25 июля очень жаркий, прелестно-солнечный, тихий день; даже на носу чувствовалось, что ветер спал и веял только воздух, потревоженный теплоходом. Не верилось, что идем на Север, такая теплынь. Но небо постепенно становилось выше и прозрачнее, чем привычное нам над средней полосой, а воздух все сильнее и невыразимее насыщался запахом хвои — церковным, торжественным. Самое сильное впечатление дня — остановка в Ворогове, стариннейшем сибирском селе, основанном в начале 17 века; уже почти белая ночь, хоть солнце и закатилось, но светло несравненным северным ночным светом.
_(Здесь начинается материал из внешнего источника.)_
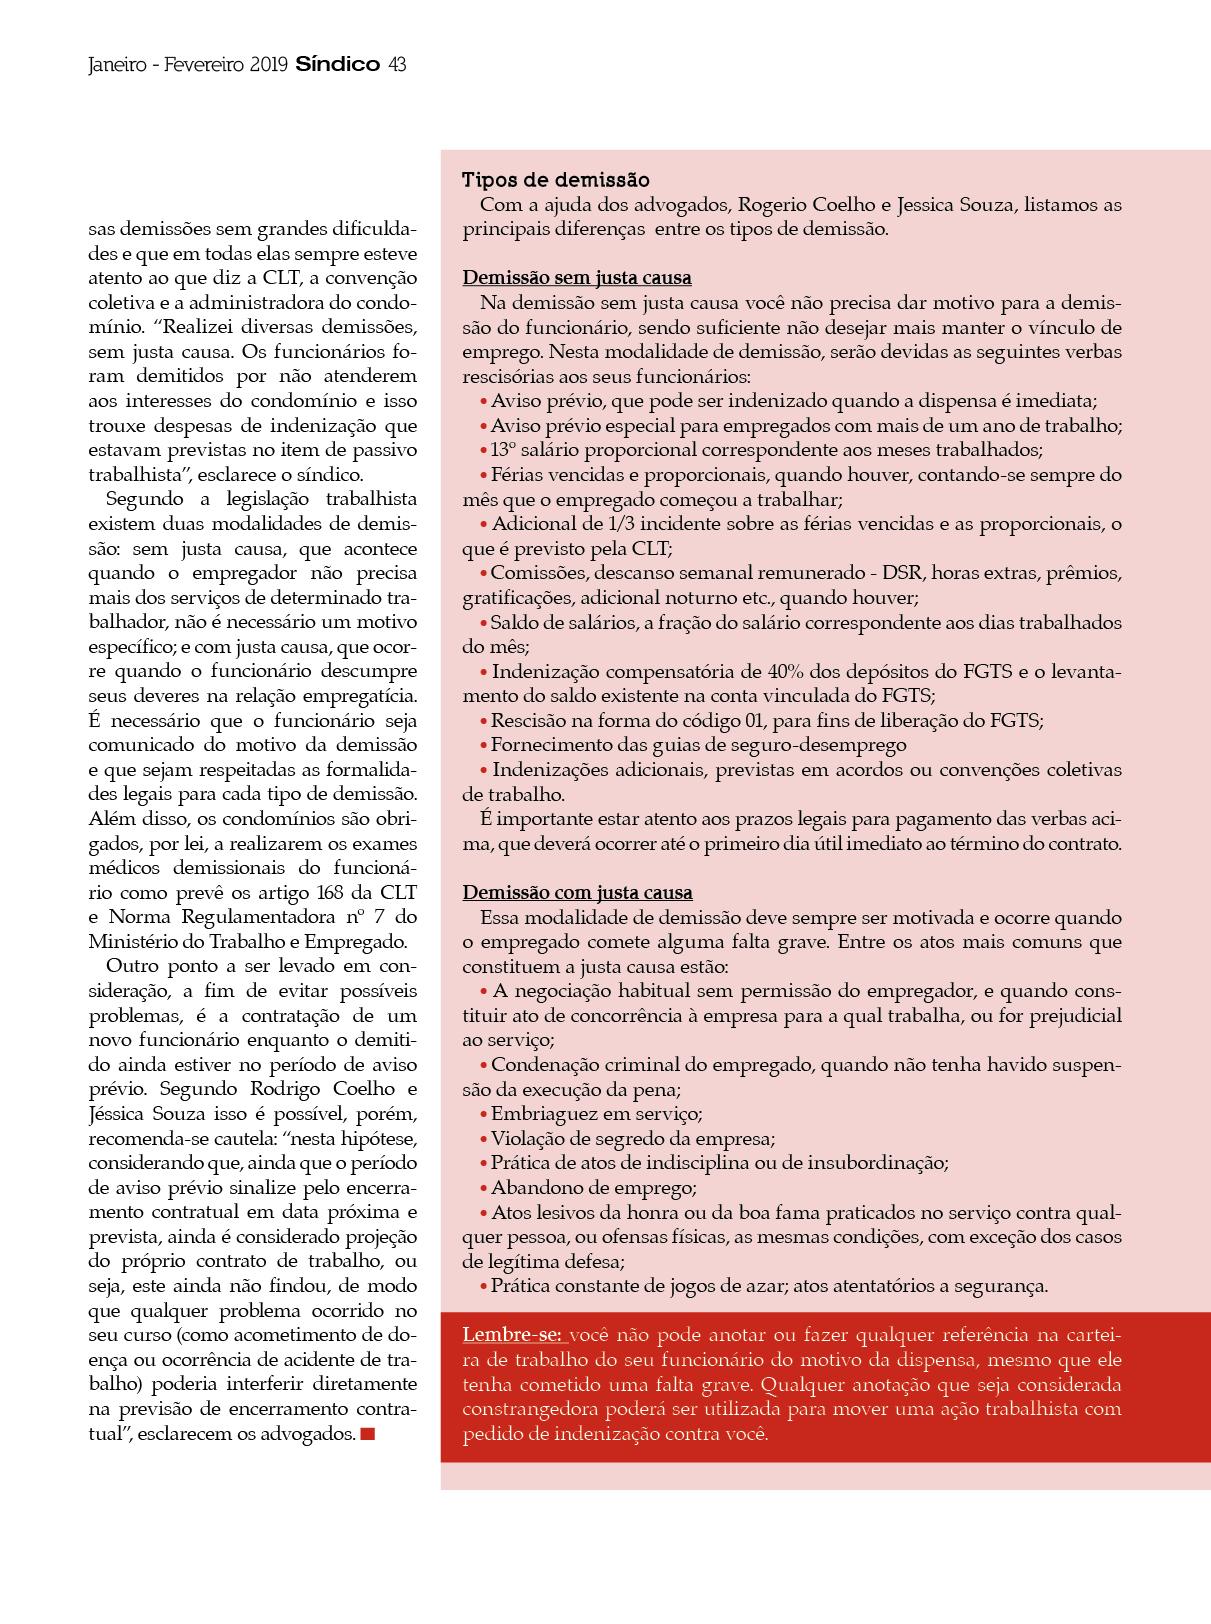 Revista Síndico_ed 242_41

На очень высоком плоскогорье с песчаным, галечным спуском к Енисею необычайное село, по реке вытянувшееся рядком двухэтажных бревенчатых (бревна — огромные, шоколадного цвета) изб, окна только в верхнем этаже, нижний — глухой; там хозяйственные помещения, хлевушки темные, пространство между избами перекрыто изгрызенными временем плахами — получаются громадные сени или крытые дворы. Нигде, ни в России, ни в самой Сибири, не видывала такого. Задворки домов— хаос деревянный — клетушки, пристройки, как деревянные опенки. Всё кажется таким древним, что теряешься среди минувших столетий, плутаешь меж ними, как меж этими улицами. Собаки еще не лайки, но уже с лаинкой; ласковые, не брешут на прохожих. Люди (о них надо бы прежде собак!) по внешнему виду (и в этом перламутровом освещении) тоже неведомо какого столетия; через разлатую улицу с беспорядочно наставленными коричневыми предковскими домами-домовинами, с мостками и какими-то похожими на днища лодок настилами, со слюдяными лужами, точно ледяными, — наискосок бредет с посошком черная скитская старушечья фигурка…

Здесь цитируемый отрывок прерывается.